Dziękujemy za wsparcie Hani. Pieniądze uzbierane na zbiórce zostały przeznaczone na opłacenie kosztów jej leczenia. Pozdrawiamy wszystkich Darczyńców.
Ona nie zasłużyła na takie życie!
Kociczka Hania. Była maleństwem, kiedy została znaleziona na skraju lasu. Cud, że przeżyła! Wygłodzona, zmarznięta, odwodniona, ale żywa! I tu zaczyna się gehenna tej dzielnej kociczki.
Nikt nie przypuszczał, że choroba tak długo będzie gnębić to biedne umęczone kocie.
Kiedy pierwszy raz trafiła do lekarza, stwierdzono u niej silne odwodnienie, niedożywienie i ostrą biegunkę. Przeszła wstępne badania kału. Wykryto, liczne jaja glisty i groźnego pierwotniaki jelit i krwi — kokcydię. Po jakimś czasie niestety biegunka pojawiła się i trudno było ja opanować, mimo leków i odpowiedniej karmy. Hania znów trafiła do szpitala. W galopującym tempie nastąpiło odwodnienie organizmu, ze względu na niezwykle ostrą biegunkę...

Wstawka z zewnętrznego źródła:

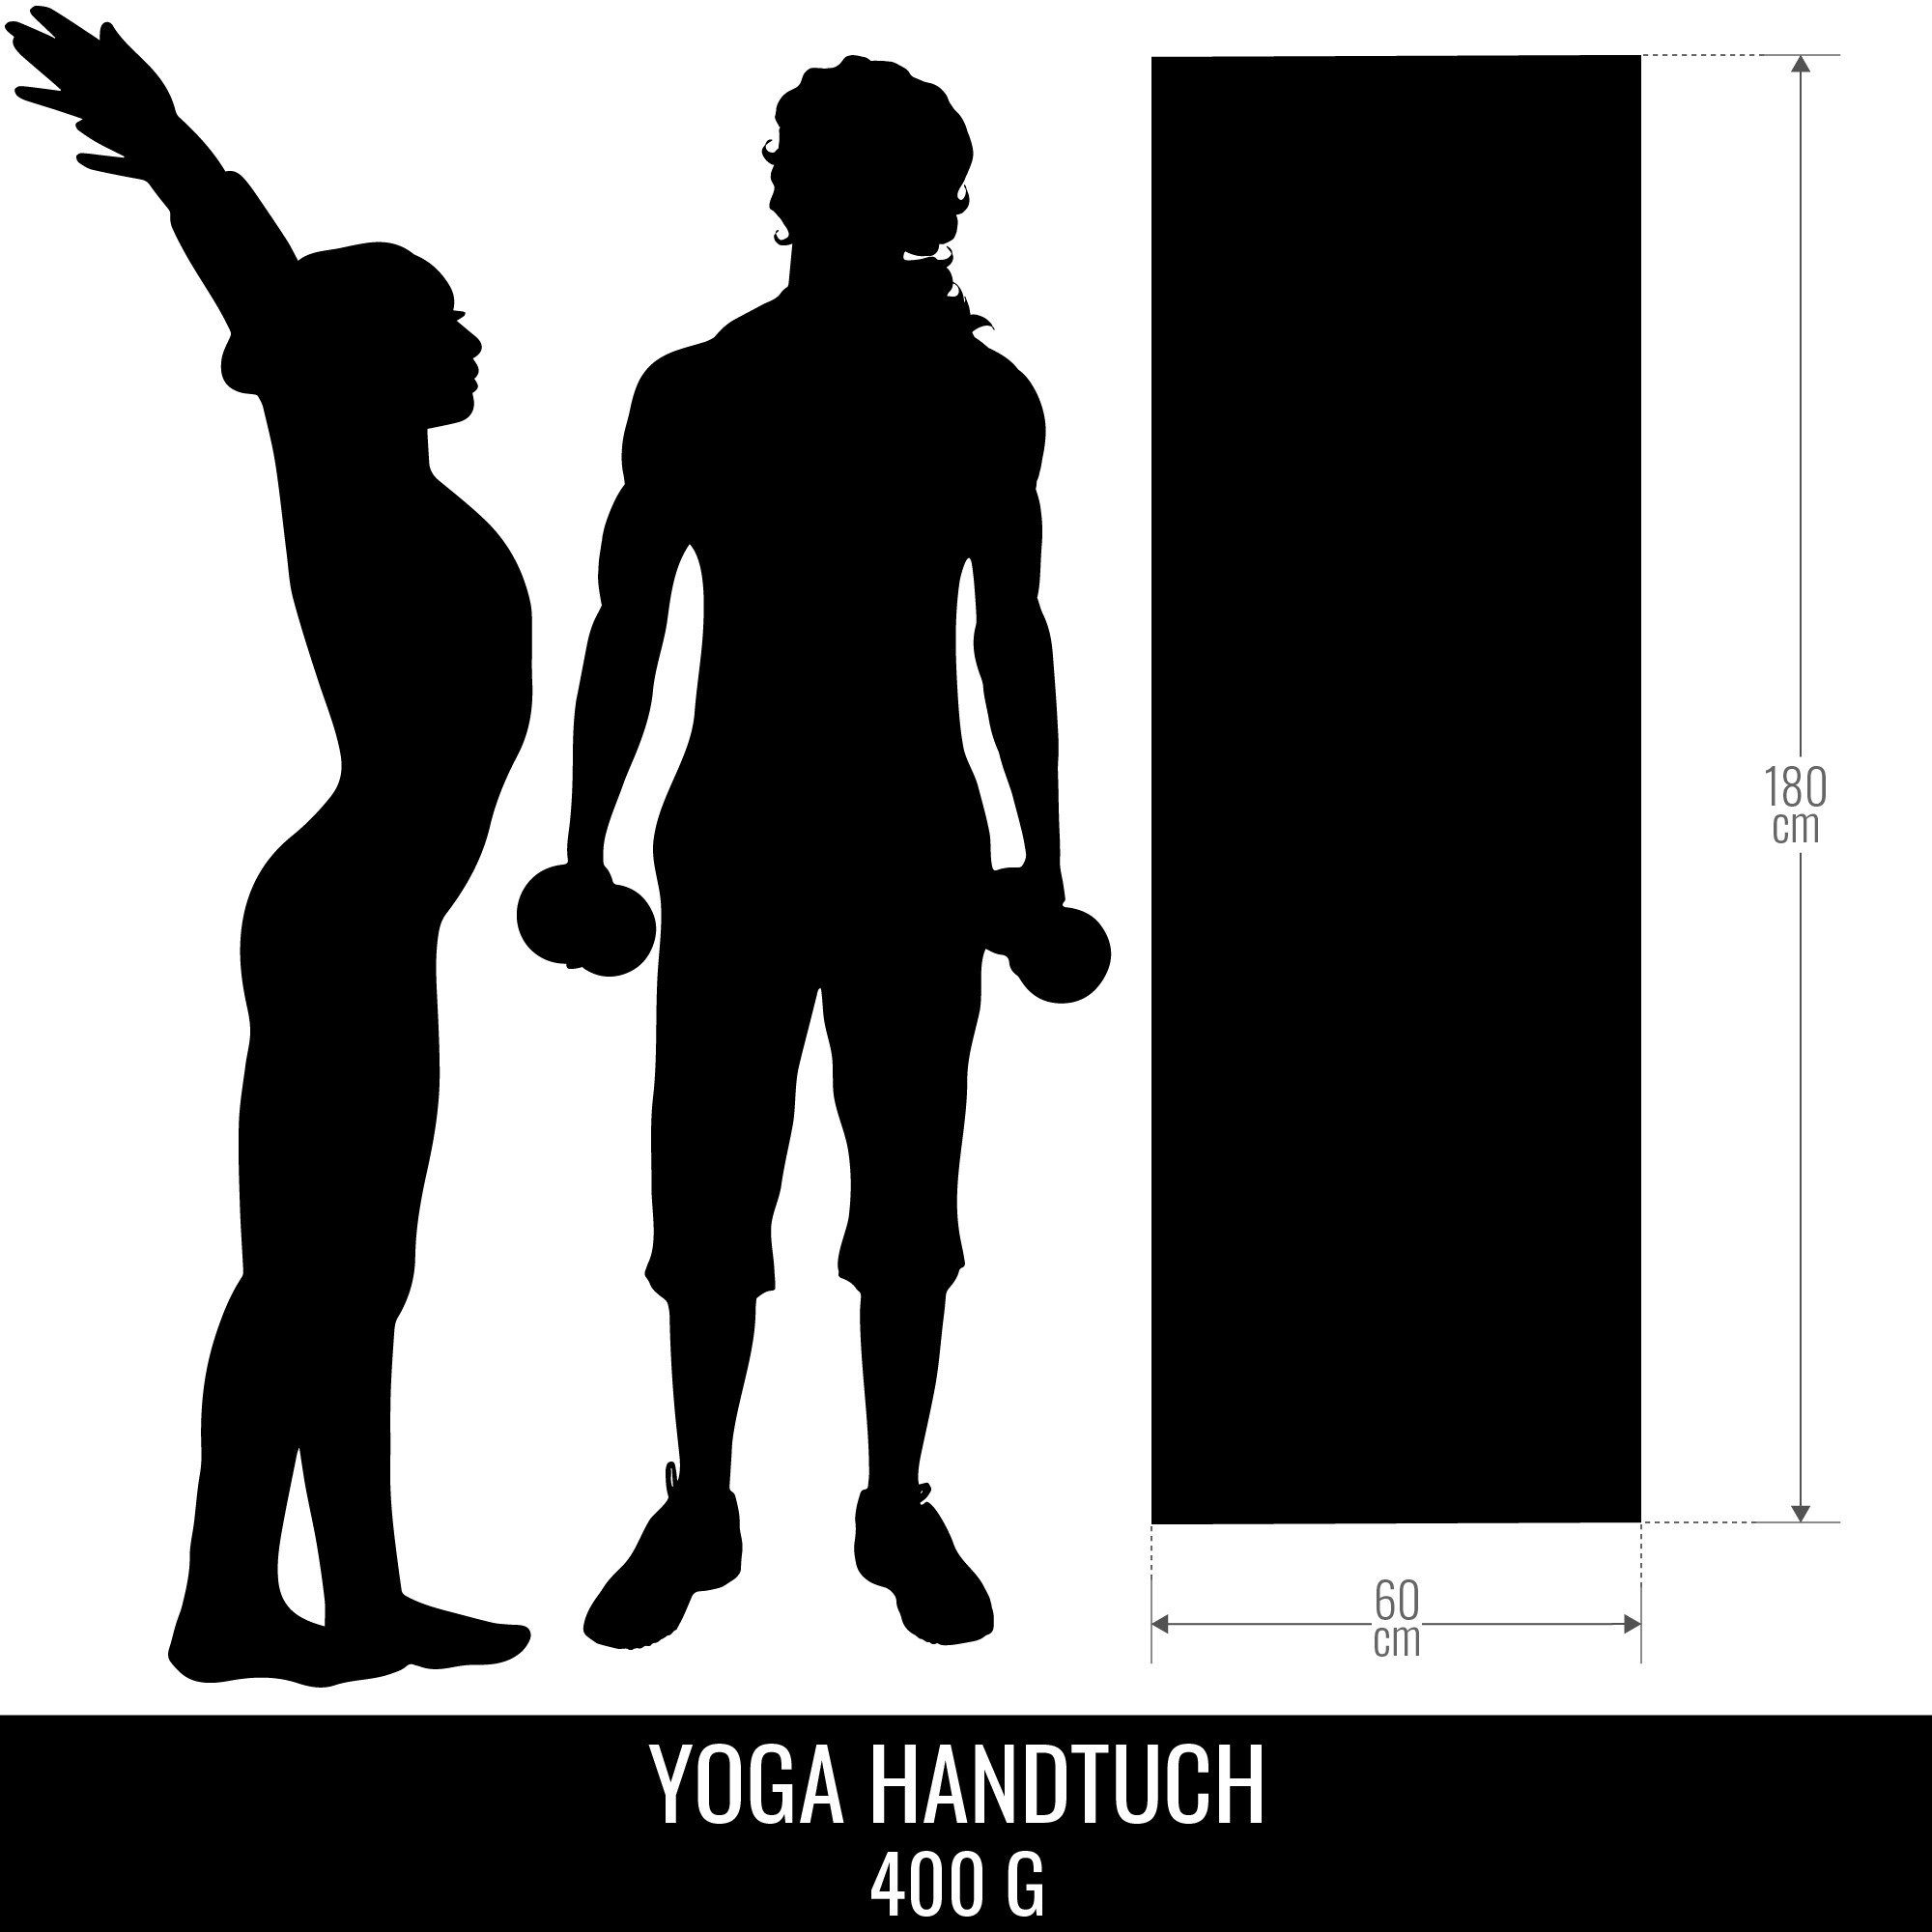 GORILLA SPORTS Sporthandtuch Yoga Saugfähig, Dunkelrot Towel, Schnelltrocknend 180x60cm, Handtuch Strandtuch

Wykryto u niej ciężki rodzaj kolejnego pierwotniaka tzw. giardie, która niestety jest bardzo trudna do leczenia, długotrwała i bardzo obciąża organizm. Ale choroba była czujna. Znów dała o sobie znać! Po miesiącu względnego spokoju wróciły biegunki. Nie wiadomo z jakiego powodu. Powtórzono badania w kierunku pasożytów i pierwotniaka, ale nic nie wykazały.
To historia przeszłości Hani.
Tak było przez długi czas. Szpital na przemian ze względnym spokojem w chorobie.
Co teraz u Hani? Rowniez trudno. Dalsze losy dalej pod znakiem choroby.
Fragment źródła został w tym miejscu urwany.